Да и Паломе нечего было возвращаться в Испанию, пусть и временно. Жила бы себе в Штатах. Так ведь нет, прилетела в Мадрид, якобы учиться. И смотрела на него своими зелеными глазами, такими же печальными, как глаза Кармен в тот сквернопамятный день. Как две капли воды похожая на мать, она напоминала о том, о чем Хуан де ла Росса хотел забыть.
И тут ему подвернулся случай разом покончить с тем, что не давало ему покоя столько лет. Хуан всегда собирался подыскать Марии Кончите достойного жениха, и вот его мечта вроде бы начала осуществляться. Заметив как-то на одном из приемов, что Антонио Торрес-Кеведо с симпатией поглядывает на его дочь, он почувствовал себя на седьмом небе от счастья. То, что сулил ему этот брак, трудно было переоценить.
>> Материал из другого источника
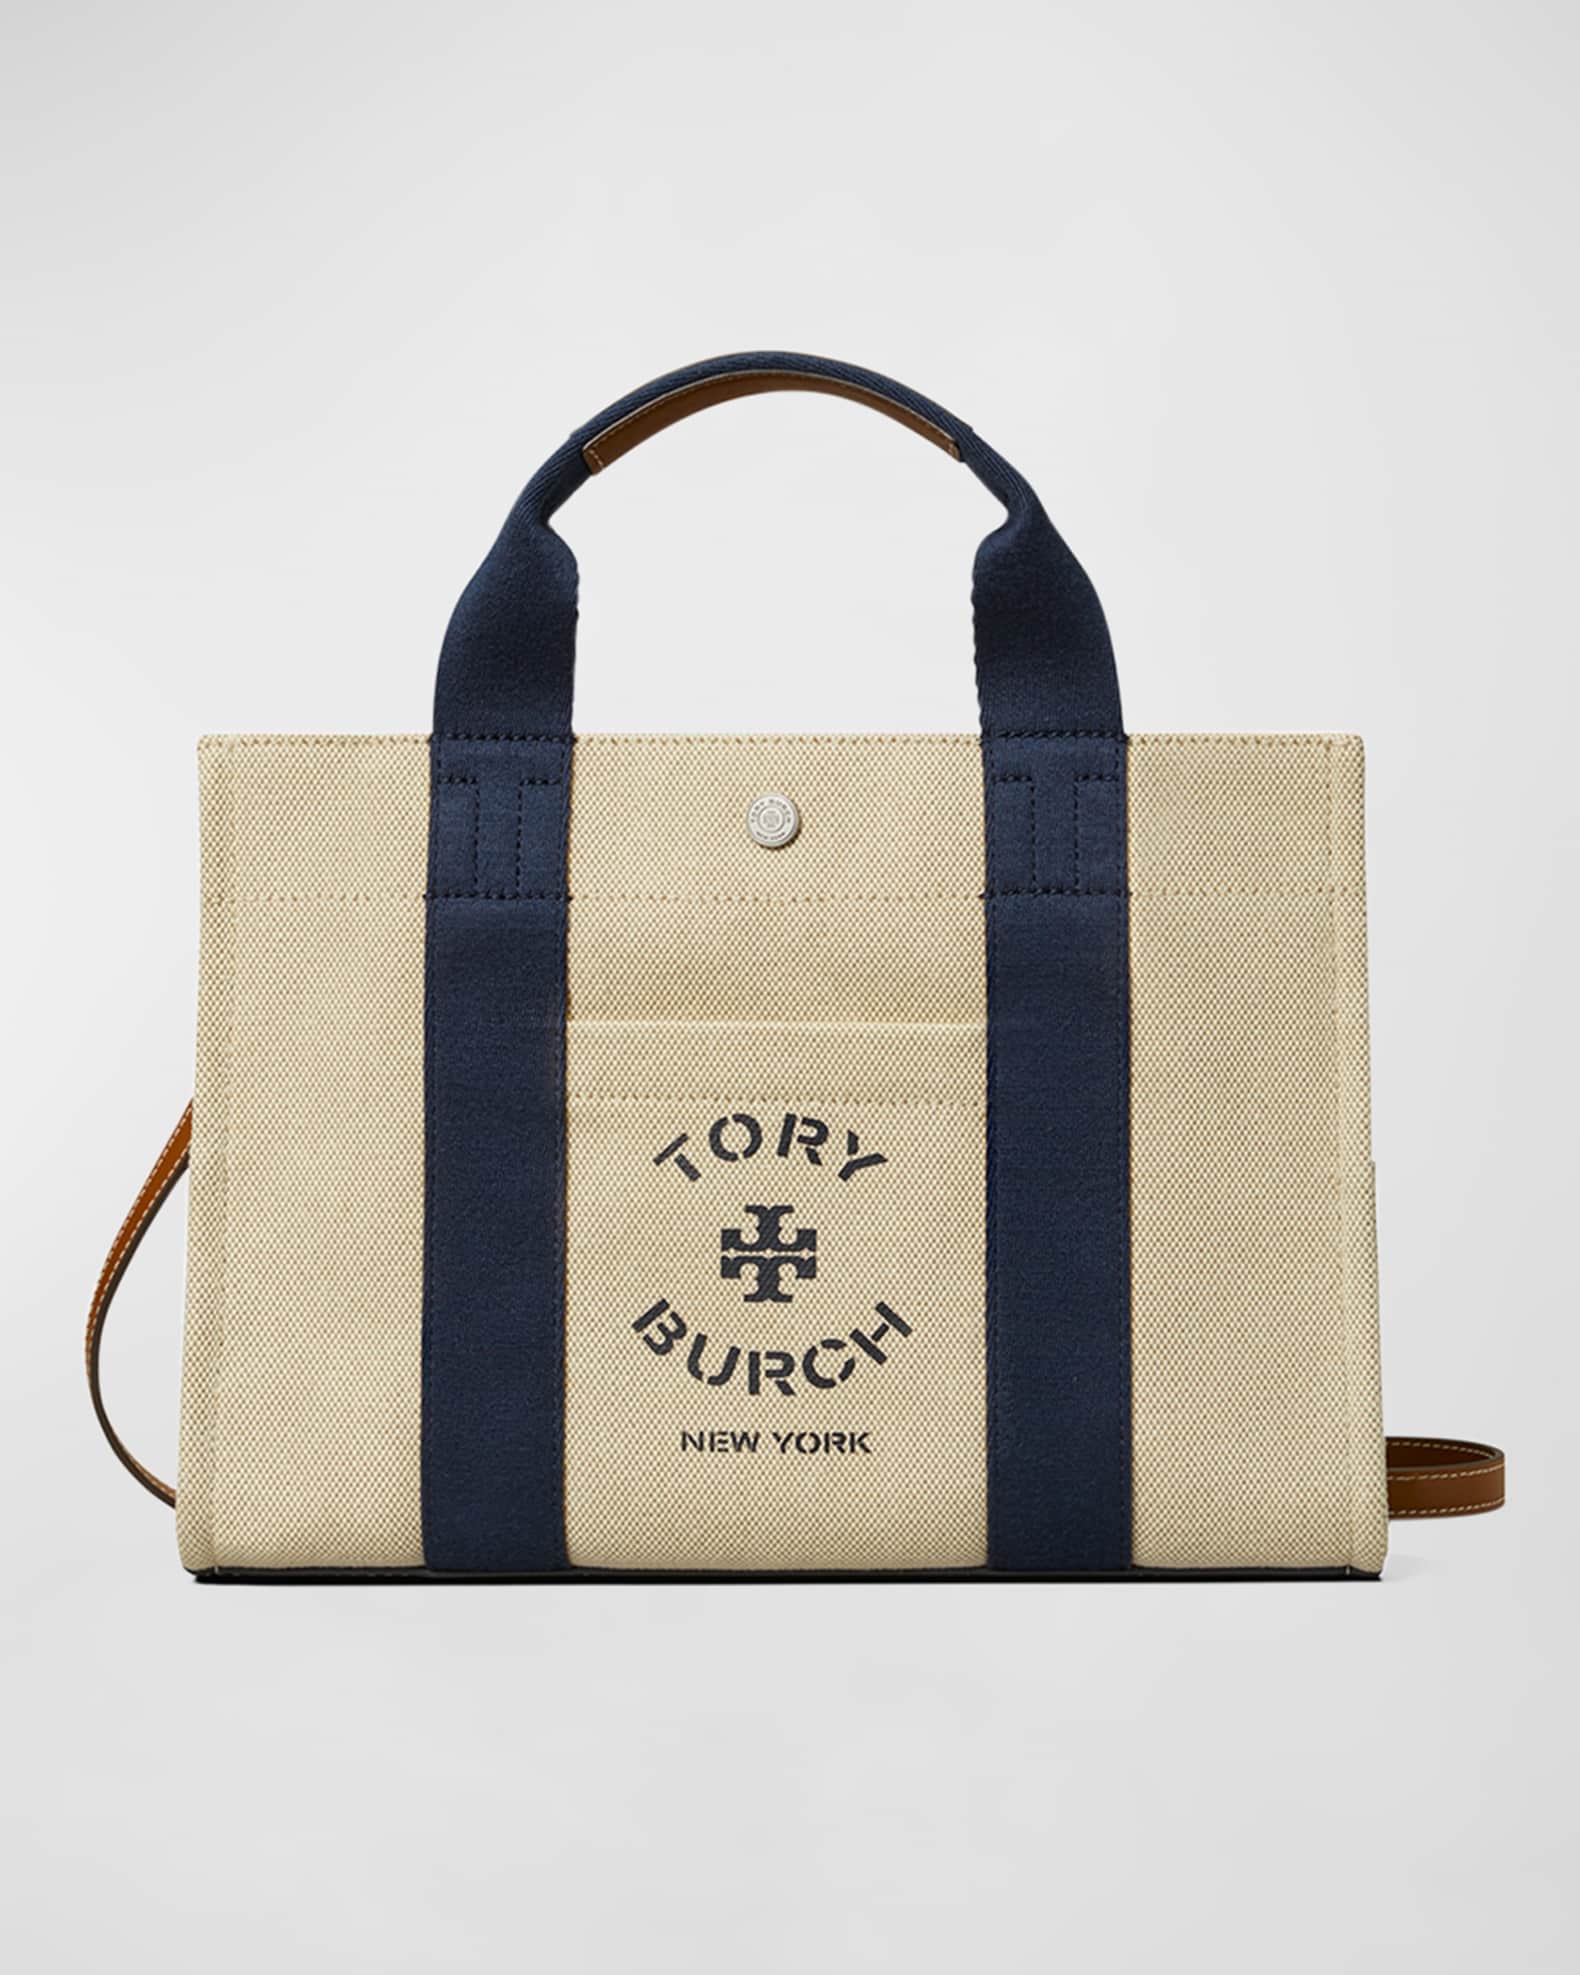 Tote bag with logo

Он не только бы упрочил свое положение в обществе и поправил финансовое положение, которое благодаря стараниям его ненаглядной Пилар за последние годы сильно ухудшилось, но и разом покончил бы со всеми неприятными воспоминаниями. Счастье одной дочери перечеркнуло бы несчастье – действительное или кажущееся – другой…
Хуан де ла Росса ожидал всего, чего угодно, когда предложил Марии Кончите подумать о такой блестящей партии. Всего, чего угодно, – счастливого возгласа, крепкого дочернего объятия, застенчиво благодарного взгляда на худой конец. Но только не того, что он услышал.
– Нет, нет и еще раз нет! – решительно повторила Мария Кончита. – Об этом не может быть и речи!
– Но пойми, – с трудом сдерживая себя, воззвал ее отец, – где ты еще найдешь такого жениха? – И он снова принялся перечислять все выгоды предполагаемого брака и достоинства желанного зятя.
– Ничего не желаю слушать! – с вызовом заявила Мария Кончита и капризно топнула ногой. – С мужем жить мне, и мне ни к чему Ледяной мужчина!.. Да и где гарантия, что твоя затея не обернется прахом. Мне бы не хотелось быть отвергнутой.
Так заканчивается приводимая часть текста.